Pakistan has one of the largest unbanked economies, with more than 50% of adults being financially excluded. This is one of the biggest problems for the mass population but is also an opportunity for entrepreneurs to enter this space and establish a ‘fintech’ and fulfil the country’s banking and financial transactions need through a technology solution.

What is a Fintech?

Fintech is a segment of industries consisting of technology-focused companies with innovative products and services traditionally provided by the financial services industry. The services provided by these companies are a wide range. They include payments, funds transfers, personal finance/loans, insurance, wealth management, etc. These companies aim to improve financial inclusion in an economy and bring a seamless experience to the users of financial services.

Why is financial inclusion important?

Financial inclusion in the economy provides multifold benefits to individuals, regulators, governments, and other stakeholders in the economy as well. Some of the primary benefits that can be derived from financial inclusion can be seen in the form of:

  • Transaction facilitation to the customers
  • Investment opportunities for remote segments of the population
  • Regularizing economic transactions and curtailing grey channels
  • Broadening of the market for financial service providers
  • Improving access to credit
  • Allocation of capital efficiently among competing uses

Why Fintech in Pakistan?

Besides a large majority of the adult unbanked population, the following factors contribute to a favourable fintech environment in Pakistan:

  1. Per the latest telecom indicators, Pakistan has more than 195 million cellular subscribers, i.e., 88.21% tele density. This number has grown from 140 million subscribers in 2016-17 to 195 in 2022, a growth of 40% in the last five years. Further, the penetration of 3G/4G subscribers is 54.35%, and Broadband subscribers have 55.62% penetration. All these factors show a healthy number of mobile and internet users across the country who can be targeted for fintech services.
  2. The target market of these fintech services is mostly middle-class families working hard to meet ends meet and who want to save costs and time in account opening or similar activities in banks or other financial institutions. Per some estimates, Pakistan’s middle class (individuals earning over USD 300 per month) is roughly between 20-40 million. This provides a sizeable market for the fintech companies to target.
  3. Pakistani banks have a risk-averse mentality where most deposits are invested in attractive government lending to avoid the risk of loss and non-compliance imposed by SBP.
  4. Supportive regulations by the State Bank of Pakistan (SBP). SBP has proven progressive in digital finance and has taken many initiatives to promote branchless and mobile banking.

Challenges

It’s not all plain vanilla, and though the hype and opportunity are honest and excellent, however, there still exist challenges that the fintech founders should be mindful of.
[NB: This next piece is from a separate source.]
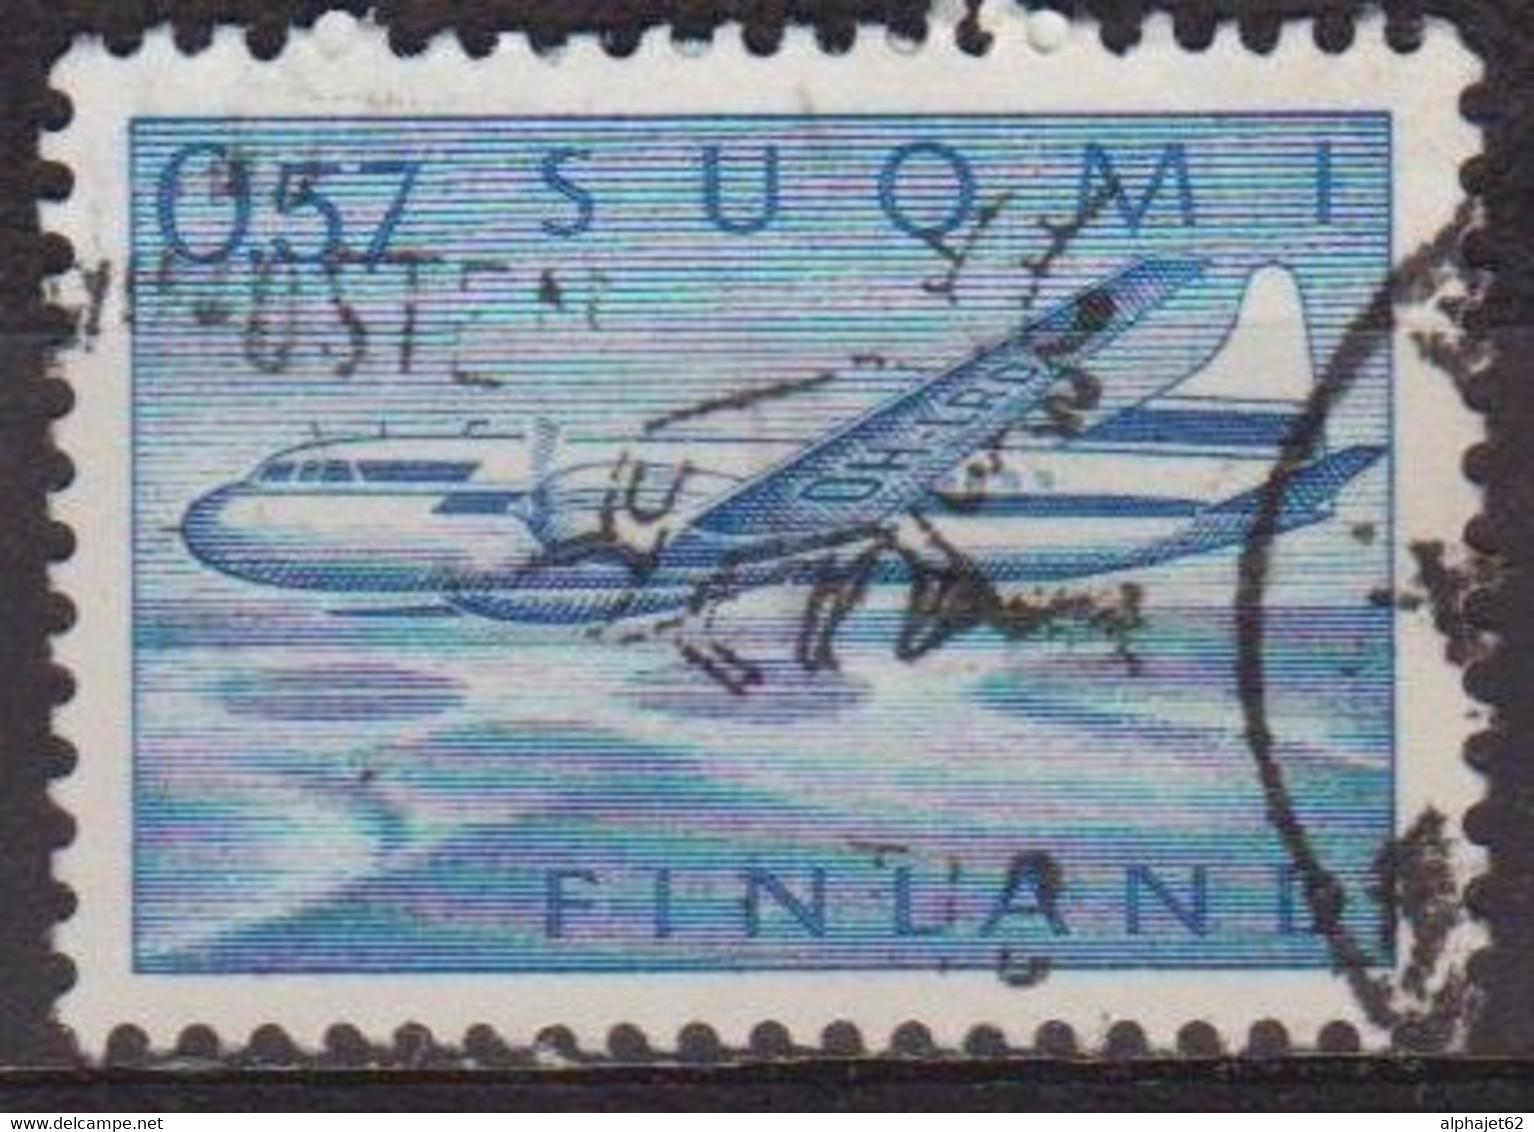 Convair 440, Bimoteur - FINLANDE - Avion De Ligne - Aviation - N° 12 - 1970 - Gebruikt

  1. Quality of IT services – Pakistan has over 1500 IT companies making their name in the international landscape and providing a hefty foreign exchange to the ex-chequeen; however, the quality of services is still yet to be upgraded to a level required for the operations by financial institutions which are prone to more significant security risks and privacy policies.
  2. The larger banks with the required reach and infrastructure are still reluctant to dive into the fintech space.
  3. Even though the SBP has been very proactive in creating an environment to attract new players in the fintech industry, obtaining the required licenses is still cumbersome; international investors usually get a big turn-off when the process is unnecessarily delayed.
  4. The change of mindset of the users. The users still believe they neither have the trust nor value of the services offered by Fintech. The portfolio of services required significant enhancements, and target products must be launched to target the unbanked community.
  5. Fear of being documented. Fear of being in the tax regime and the complexities that it brings with it is one of the biggest reasons why individuals and small businesses deal in cash only. Tax laws and consistency of policies are required to gain the confidence of financially excluded individuals.

Conclusion

Recently we have seen movements on both internal and external fronts. Internally, regulators have given approving nods to many startups to provide various financial services through smartphones. On the External show, funding in Fintech has also seen a rise, where 25 out of 83 funding deals in 2021 were of fintech startups. Fintech companies are revolutionising the financial services industries worldwide, and Pakistan should not be any different. But we are still far behind others by all standards and must work hard to make a name in this area.